====== Supplied data ======

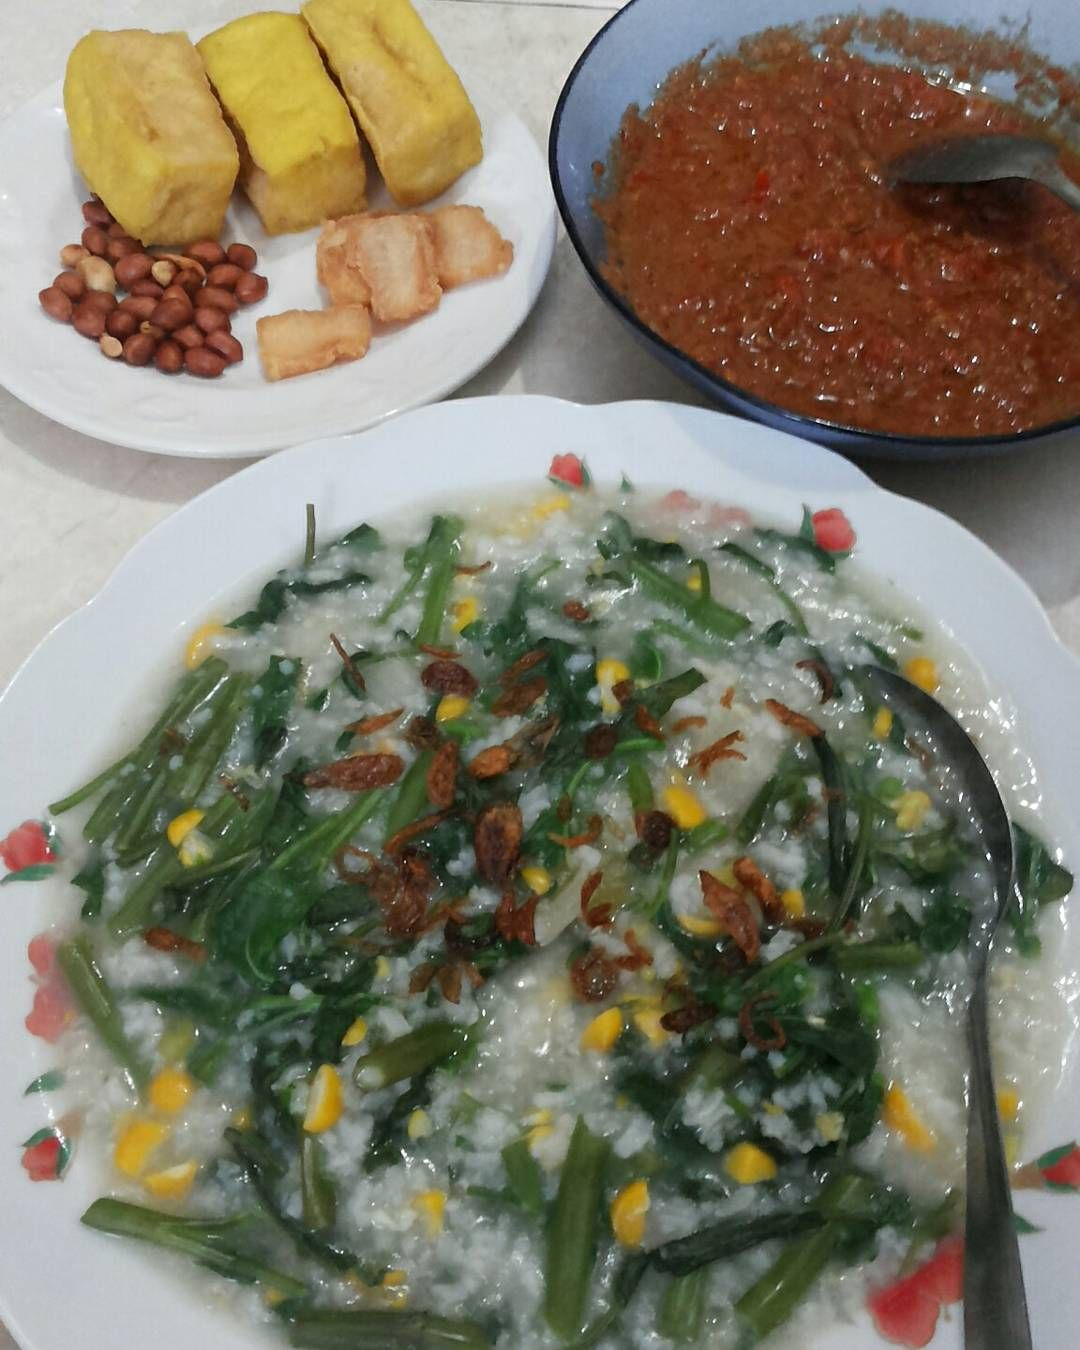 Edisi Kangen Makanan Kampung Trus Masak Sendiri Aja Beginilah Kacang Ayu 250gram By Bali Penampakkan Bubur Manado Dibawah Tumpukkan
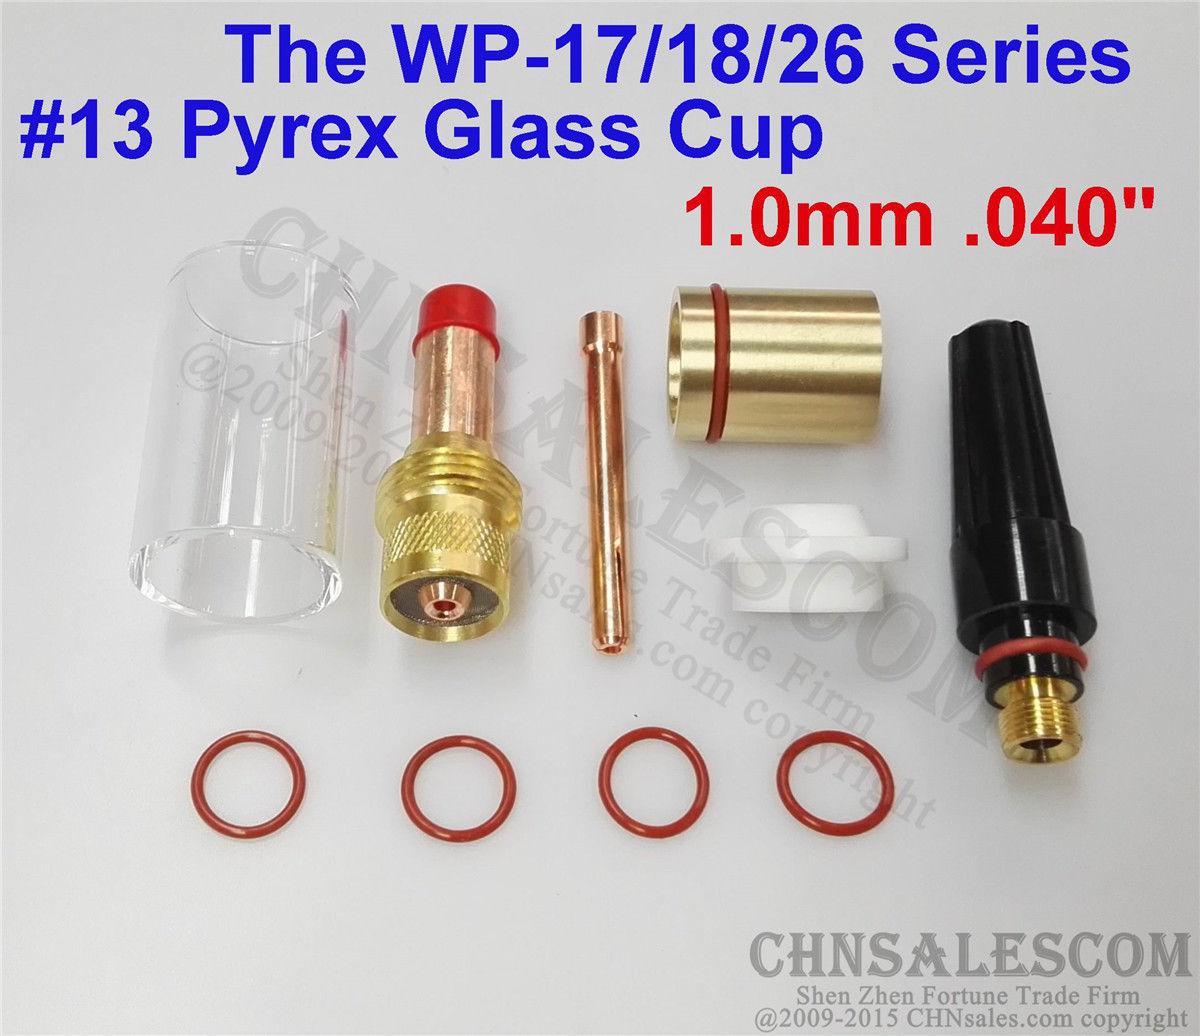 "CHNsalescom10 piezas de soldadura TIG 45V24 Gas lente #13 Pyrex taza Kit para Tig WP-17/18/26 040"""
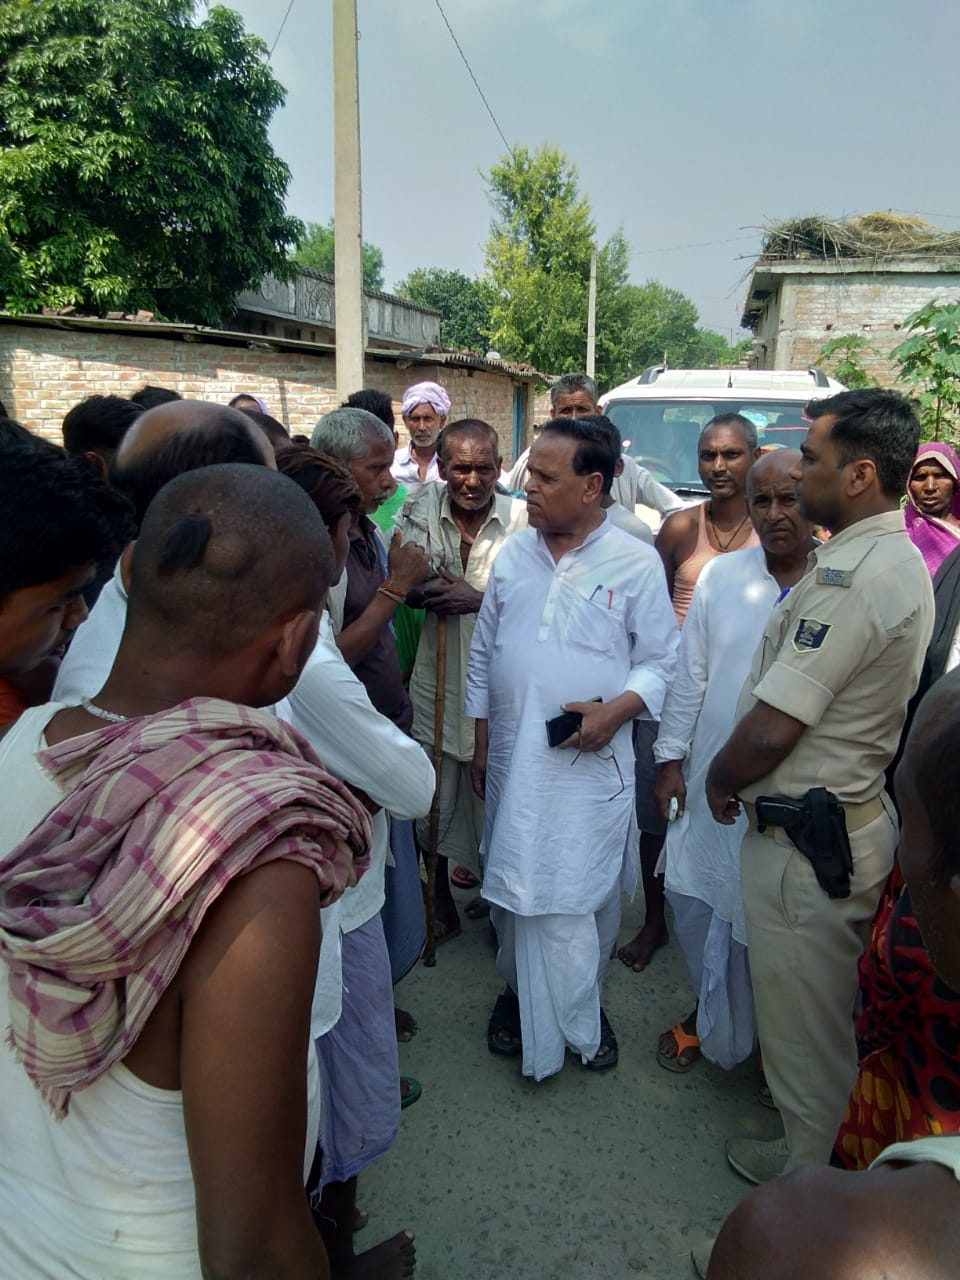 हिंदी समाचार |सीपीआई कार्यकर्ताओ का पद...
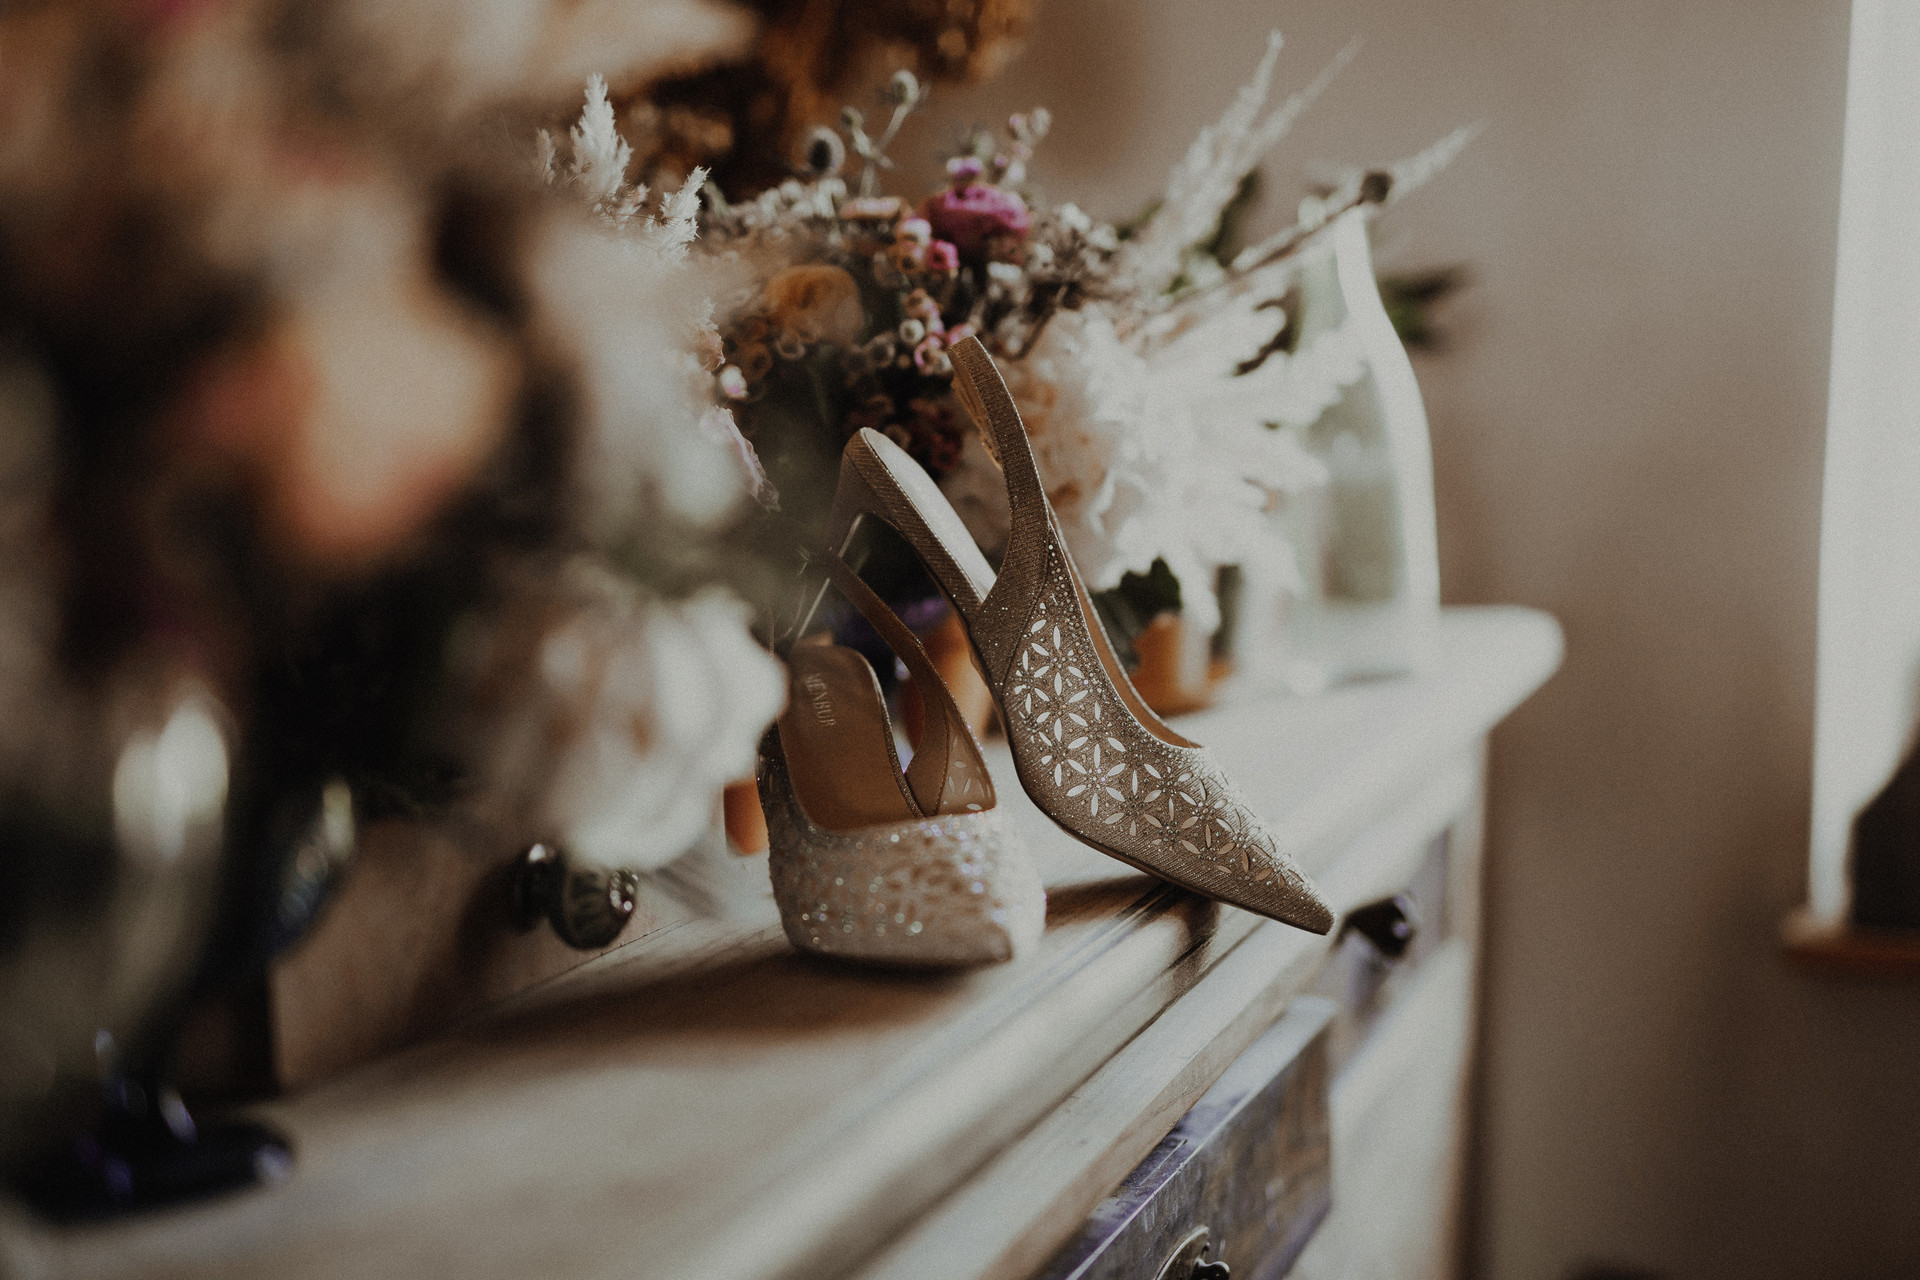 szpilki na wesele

======

Exercise description
Reproduce the material word for word, pictures excluded.

Answer for this exercise
 Edisi Kangen Makanan Kampung Trus Masak Sendiri Aja Beginilah Kacang Ayu 250gram By Bali Penampakkan Bubur Manado Dibawah Tumpukkan
 "CHNsalescom10 piezas de soldadura TIG 45V24 Gas lente #13 Pyrex taza Kit para Tig WP-17/18/26 040"""
 हिंदी समाचार |सीपीआई कार्यकर्ताओ का पद...
 szpilki na wesele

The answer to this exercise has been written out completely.